Wealthy investors can rest easy with the stability of high-end stock investments.
In a surprising turn of events, the consumer climate barometer for Germans' future financial situation has reached its highest level since the outbreak of war in Ukraine in February 2022, indicating a shift towards saving and reduced spending. This trend has had a notable impact on the luxury market, with some brands feeling the pinch more than others.
In March, fashion conglomerate Hugo Boss saw a significant drop in its German stock, falling more than 18 percent, after a less-than-optimistic outlook on the coming fiscal years spooked investors. Similarly, watch retailer Watches of Switzerland, which includes prestigious brands like Rolex and Omega, shocked investors with a profit warning due to persistent consumer slowdown in January.
However, not all luxury stocks are struggling. Deutsche Bank Research and Swiss bank UBS still recommend buying Mercedes-Benz stock, with UBS raising its price target from 78 to 90 euros. Analysts' estimates also suggest that not all luxury brands are experiencing a decline in sales.
The BÖRSE ONLINE Luxury Index, a diversified investment option for those interested in the luxury market, includes 20 promising stocks from four luxury categories, including Mercedes-Benz and LVMH. The CEO and majority shareholder of the publisher Börsenmedien AG, Mr. Bernd Förtsch, has positions in LVMH, Mercedes-Benz, and Hugo Boss.

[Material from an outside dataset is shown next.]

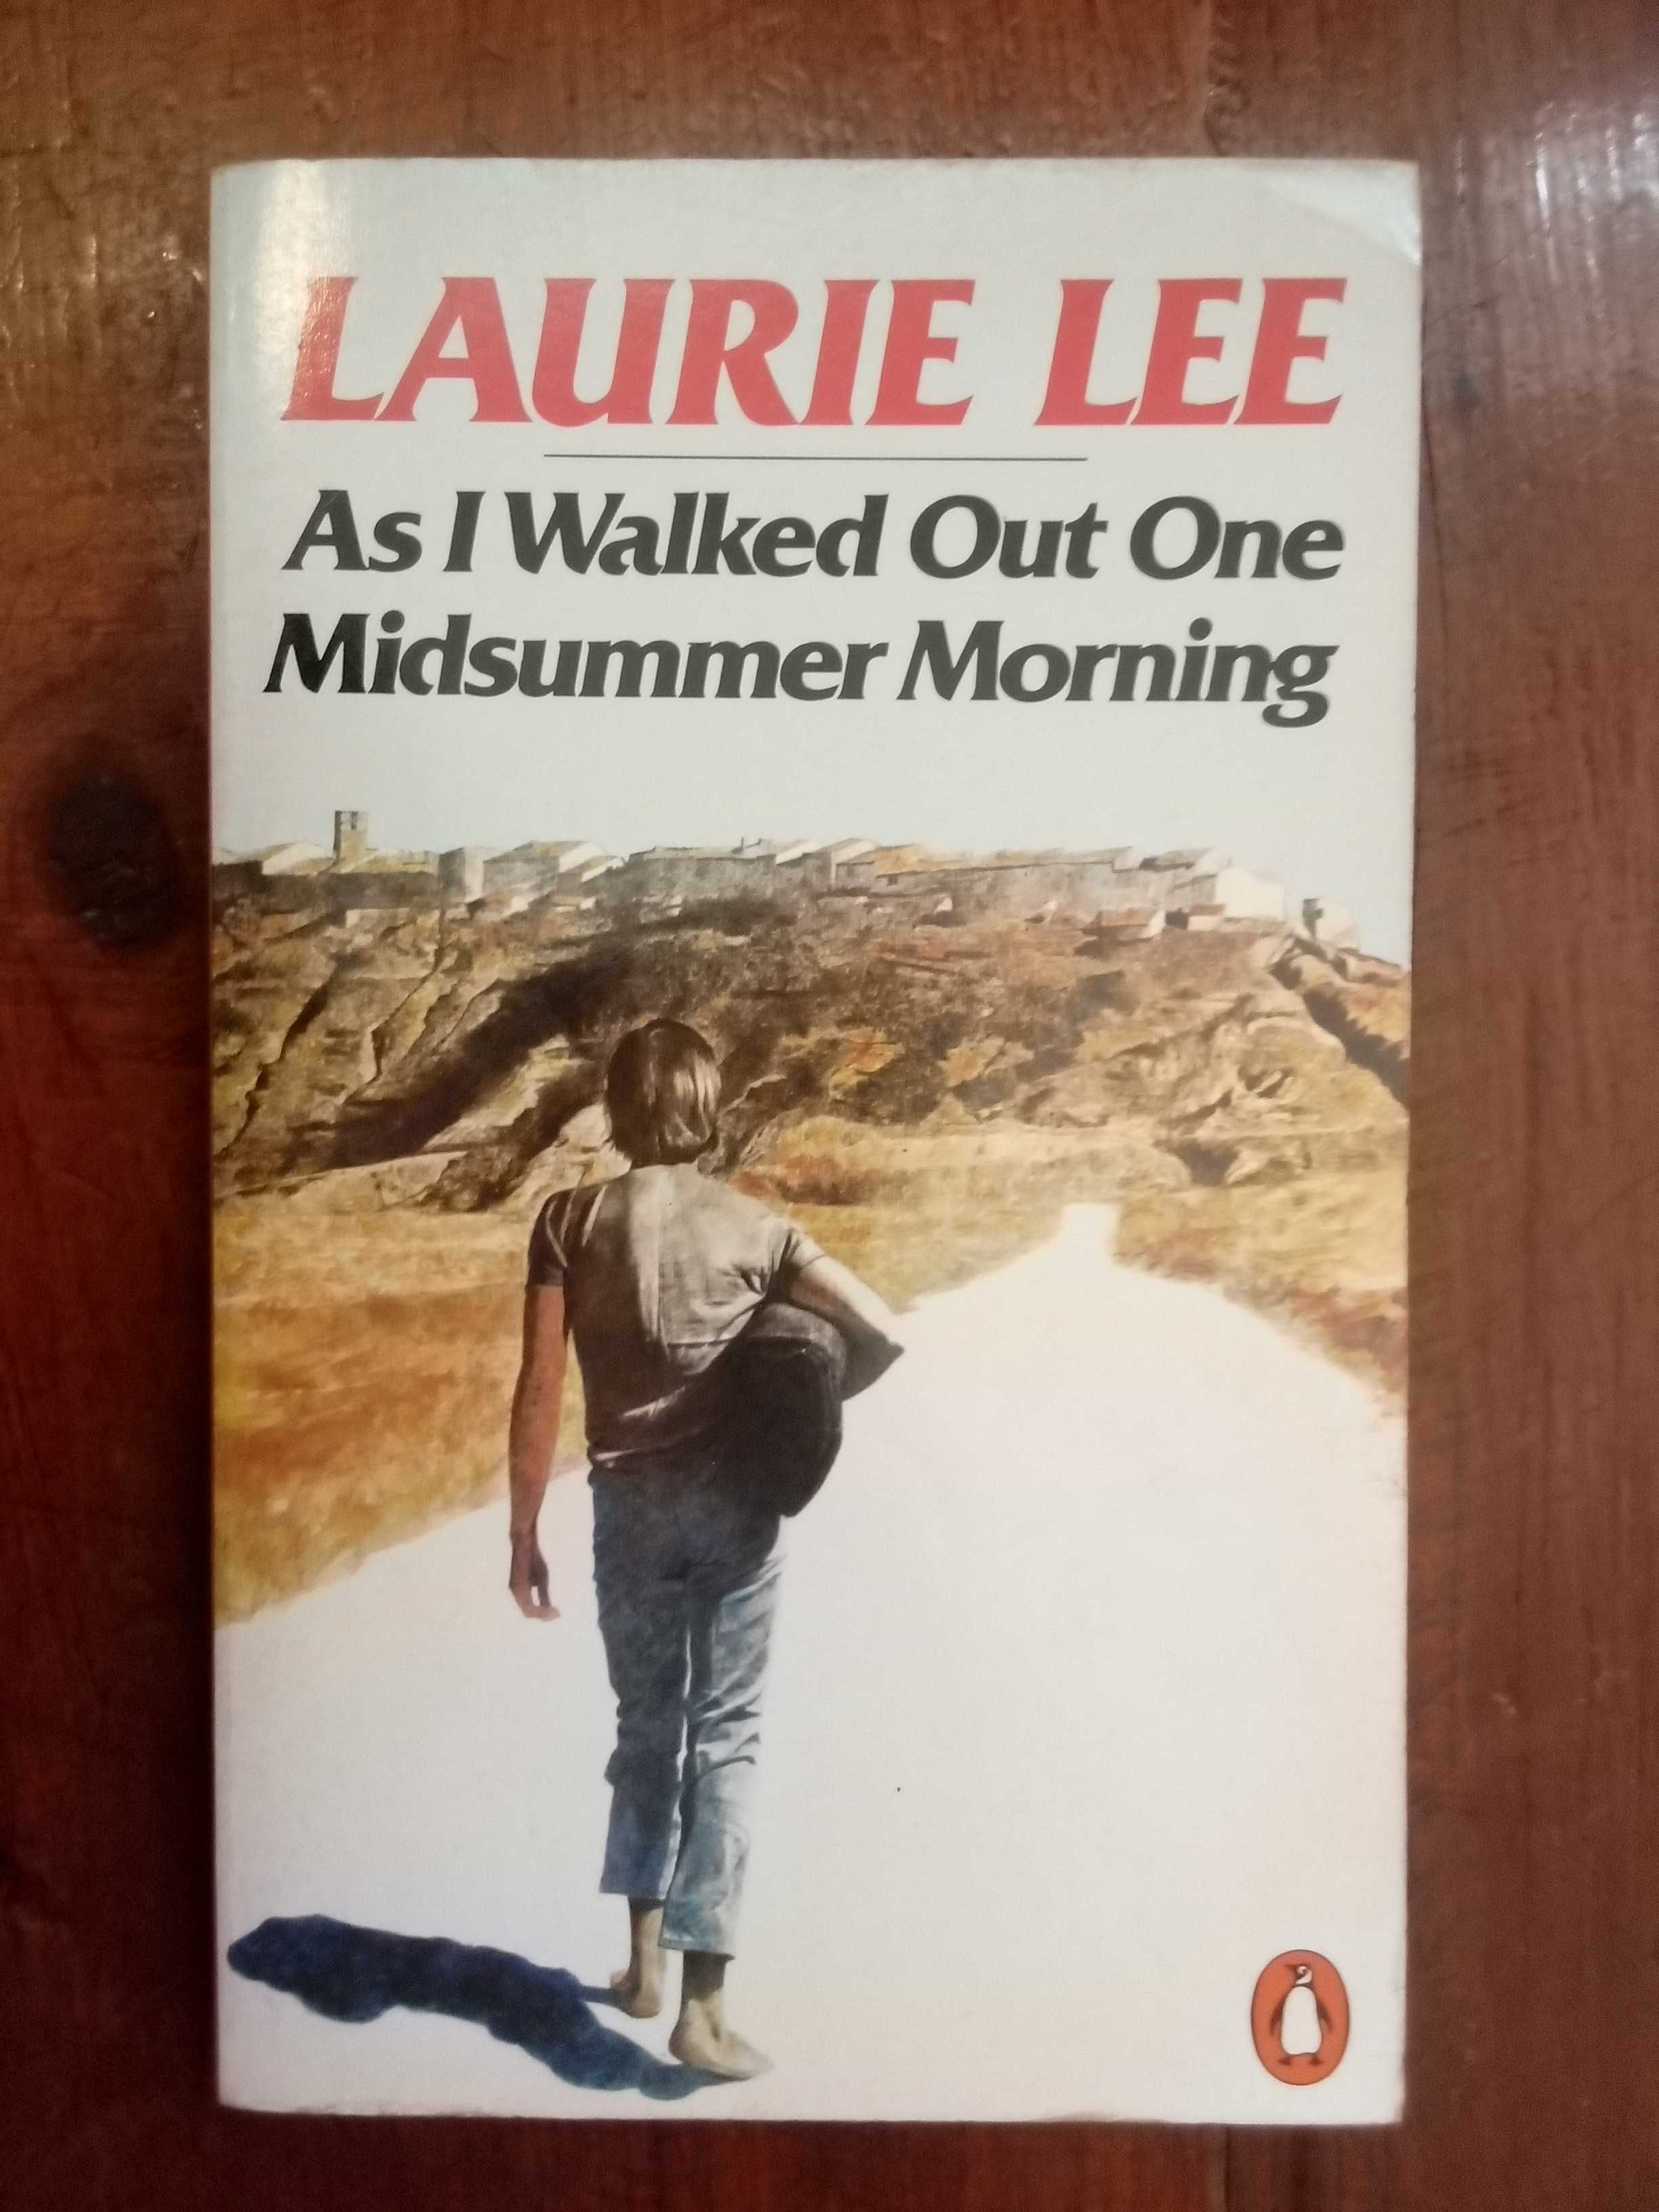 Laurie Lee - As I walked out one midsummer morning

The consumer slowdown in Germany is influenced by several factors, including economic uncertainty and geopolitics, rising prices and inflation, export declines and tariffs, and the shift to re-commerce. These factors suggest that luxury brands may face challenges in maintaining sales levels in Germany due to economic uncertainty and changing consumer preferences.

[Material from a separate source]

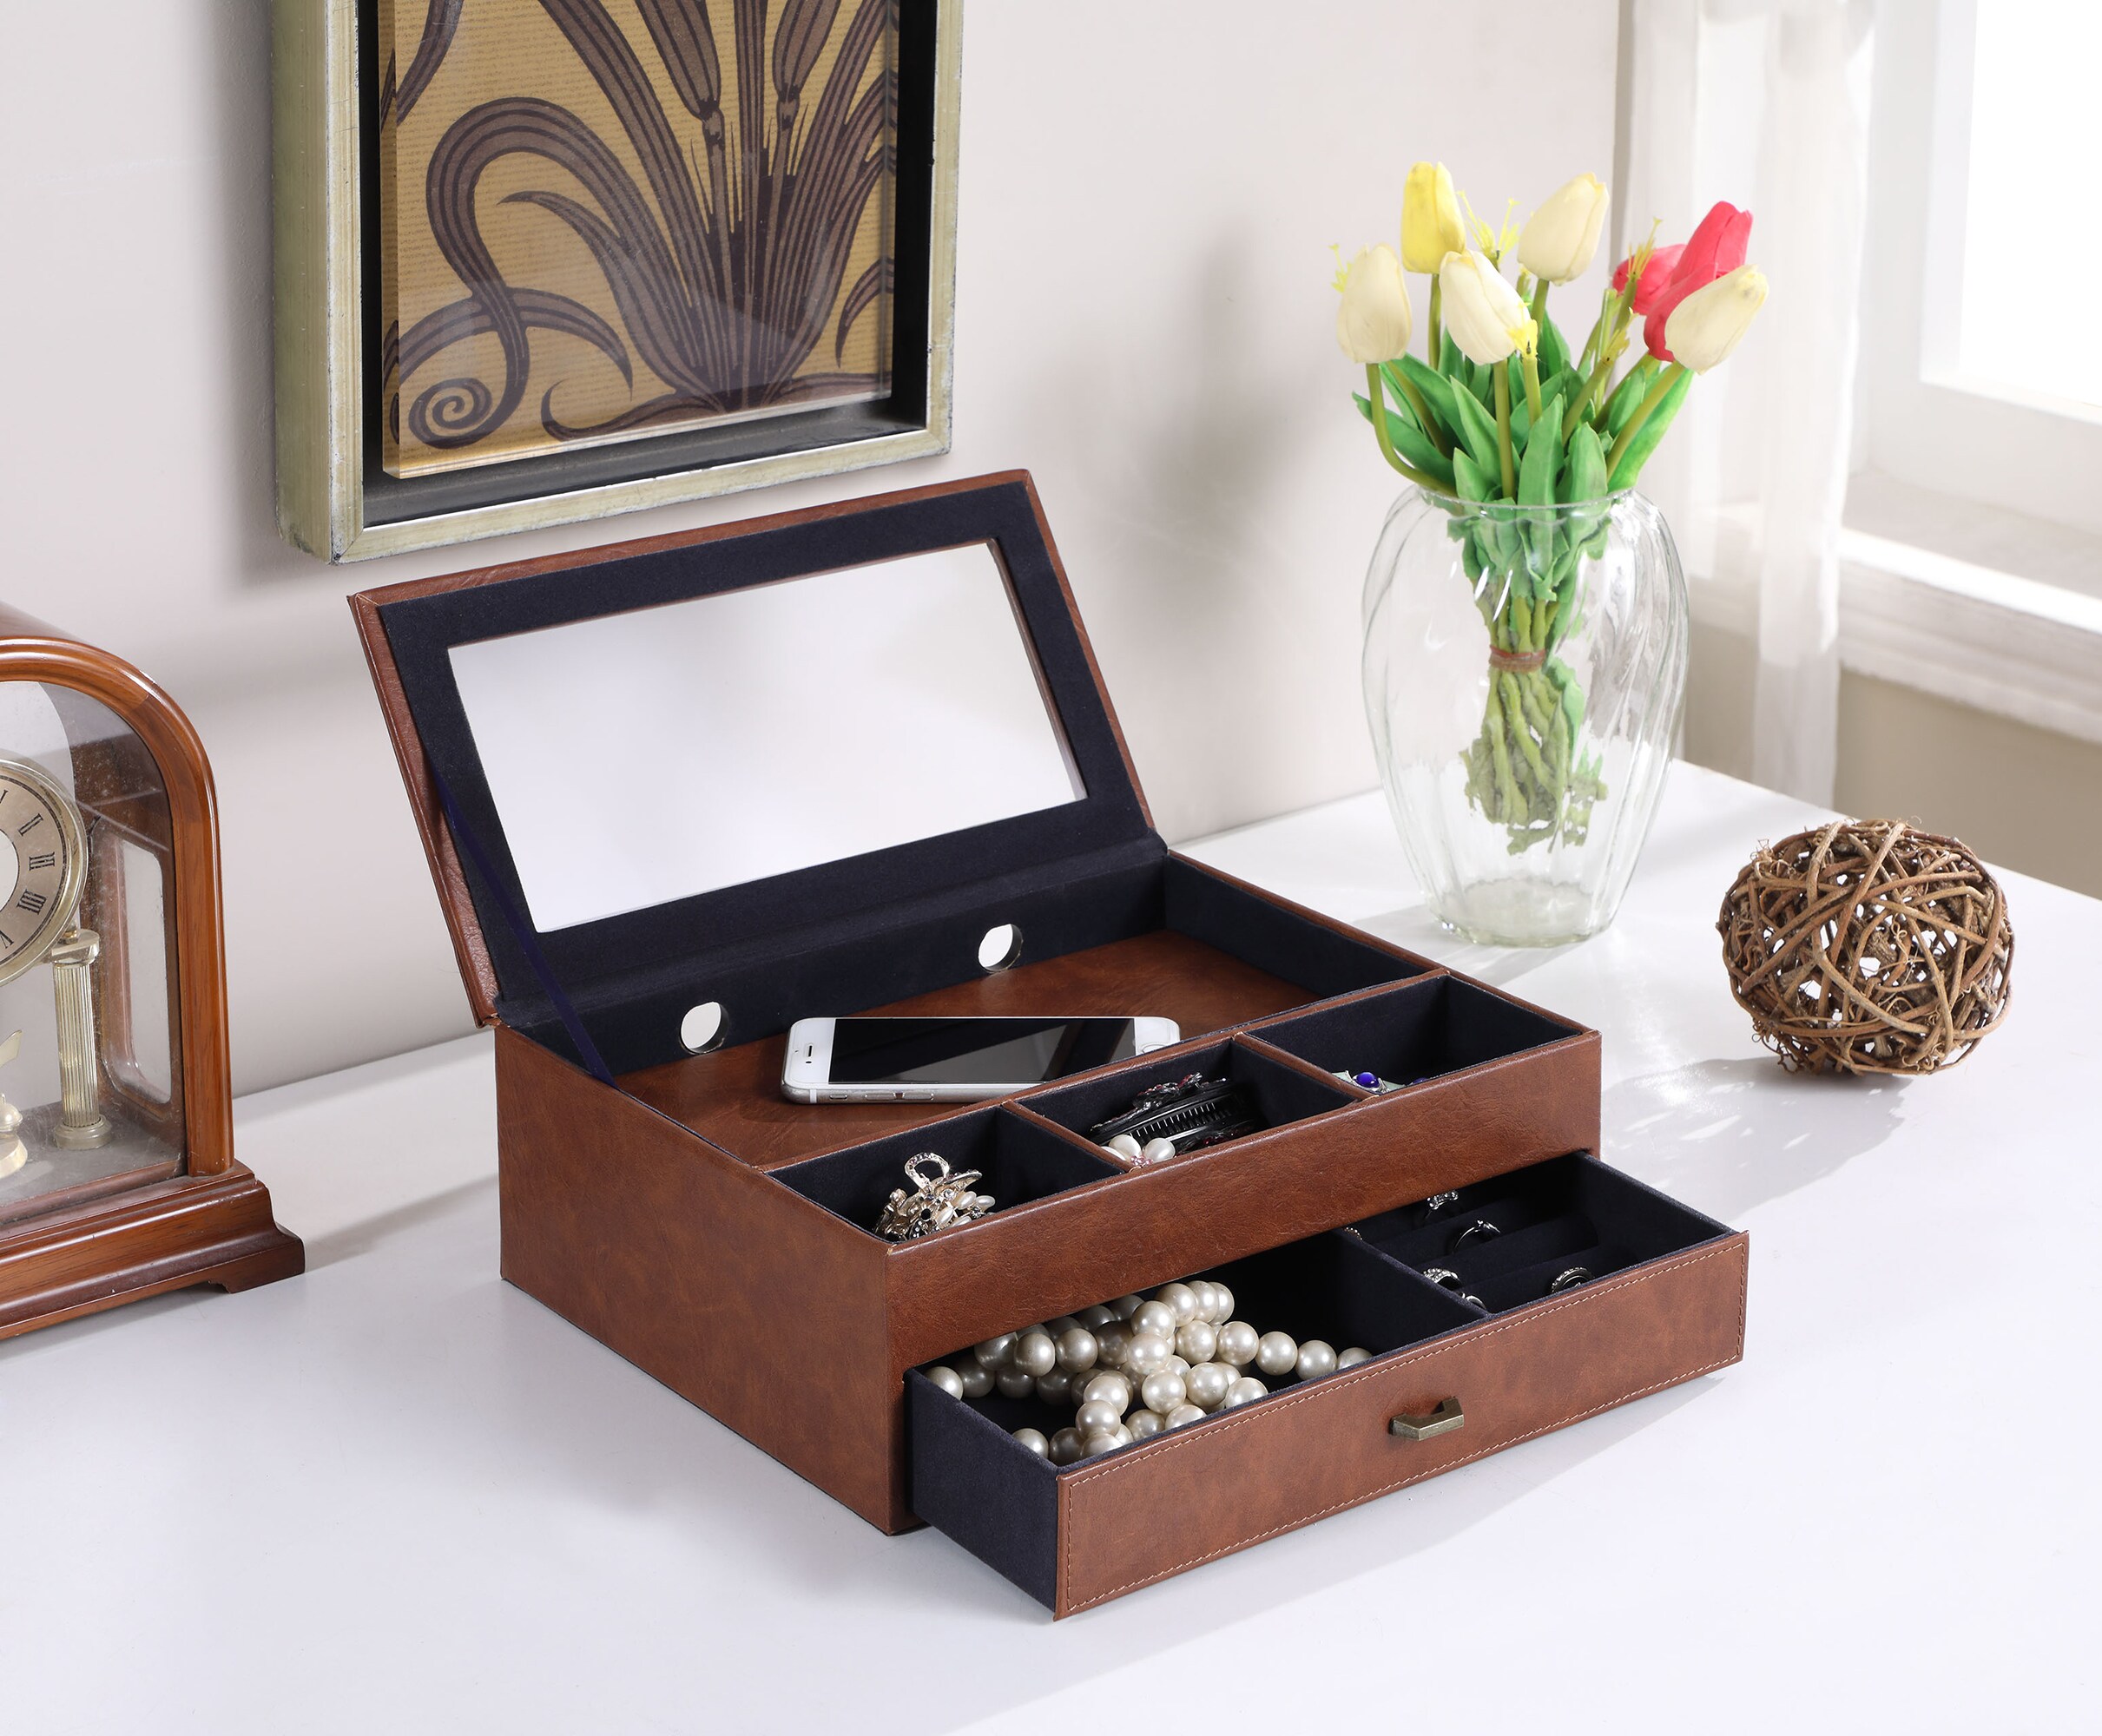 A flowery box for jewelry or other small things

While the current economic climate may be challenging for luxury brands, it is not all doom and gloom. Investors in luxury stocks should not panic just yet, as there are still opportunities for growth and recovery in the market. The BÖRSE ONLINE Luxury Index provides a diverse portfolio for those interested in the luxury sector, offering a mix of promising stocks from various categories.
It is worth noting that Börsenmedien AG has a cooperation agreement with the issuers of the displayed securities, granting them a license to use the index and receiving remuneration in return. The board of the publisher Börsenmedien AG, Mr. Leon Müller, has positions in Hugo Boss. RBC, a Canadian bank, recently adjusted its price target for luxury fashion maker LVMH from 900 to 905 euros and maintained its "Outperform" rating.

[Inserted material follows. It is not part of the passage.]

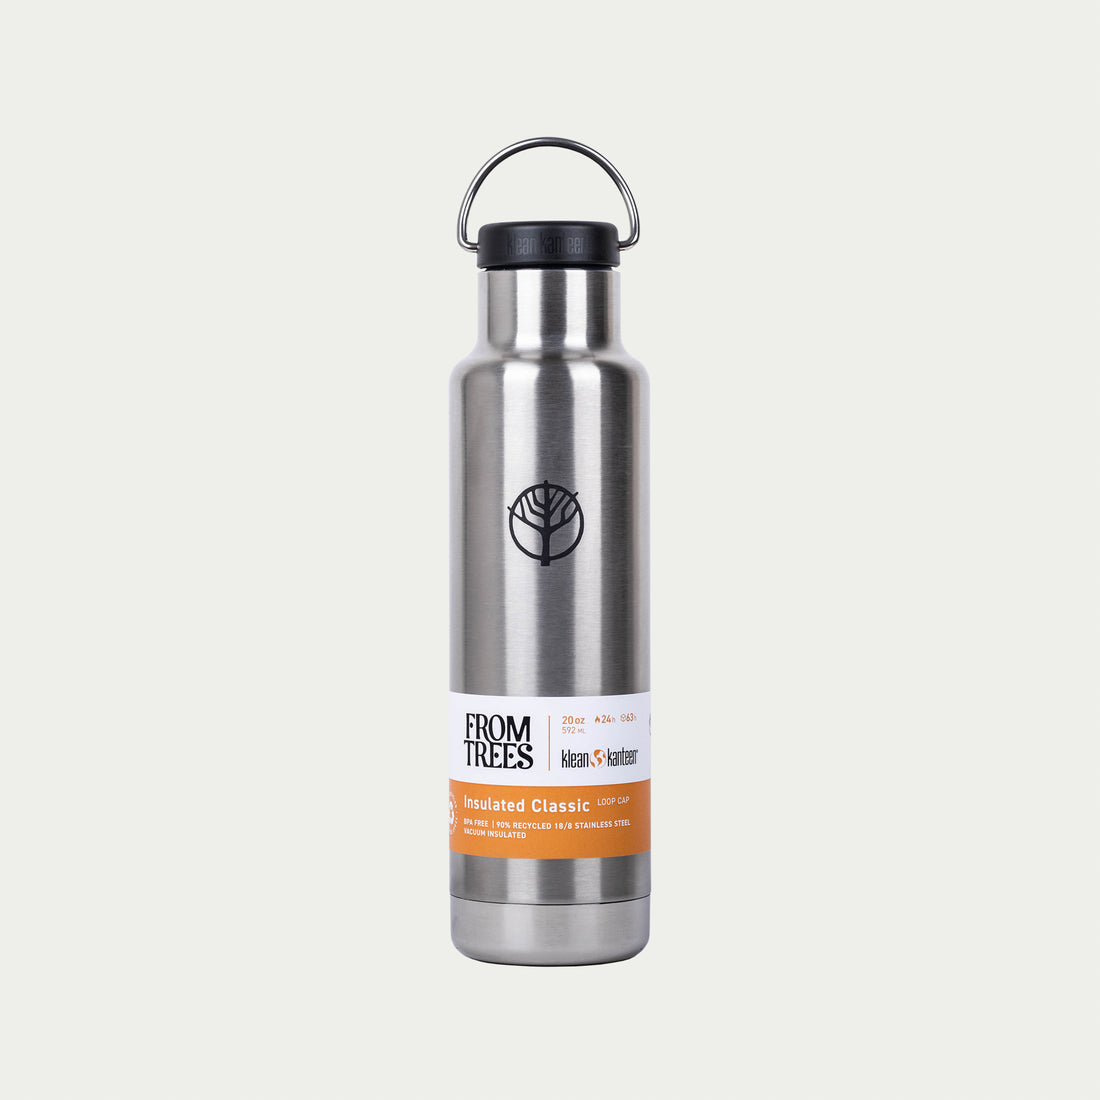 From Trees + Klean Kanteen . Insulated Classic 592ml (20oz)

In conclusion, the current economic climate in Germany is influencing consumer behavior and affecting the luxury market. While some brands are experiencing a decline in sales, others are holding steady. For those interested in the luxury sector, the BÖRSE ONLINE Luxury Index offers a diverse investment option. It is essential to stay informed and make informed decisions when investing in the stock market during times of economic uncertainty.
[1] Source: Statista (2022) [2] Source: Reuters (2022) [3] Source: Financial Times (2022) [4] Source: Deutsche Bank Research (2022) [5] Source: Eurostat (2022)
Investors should consider the BÖRSE ONLINE Luxury Index as a diversified investment option in the luxury market, as it includes promising stocks from various categories such as Mercedes-Benz and LVMH.
Despite the current economic challenges facing the luxury sector in Germany, analysts at RBC maintain a positive outlook for luxury fashion maker LVMH, recently adjusting its price target from 900 to 905 euros and maintaining its "Outperform" rating.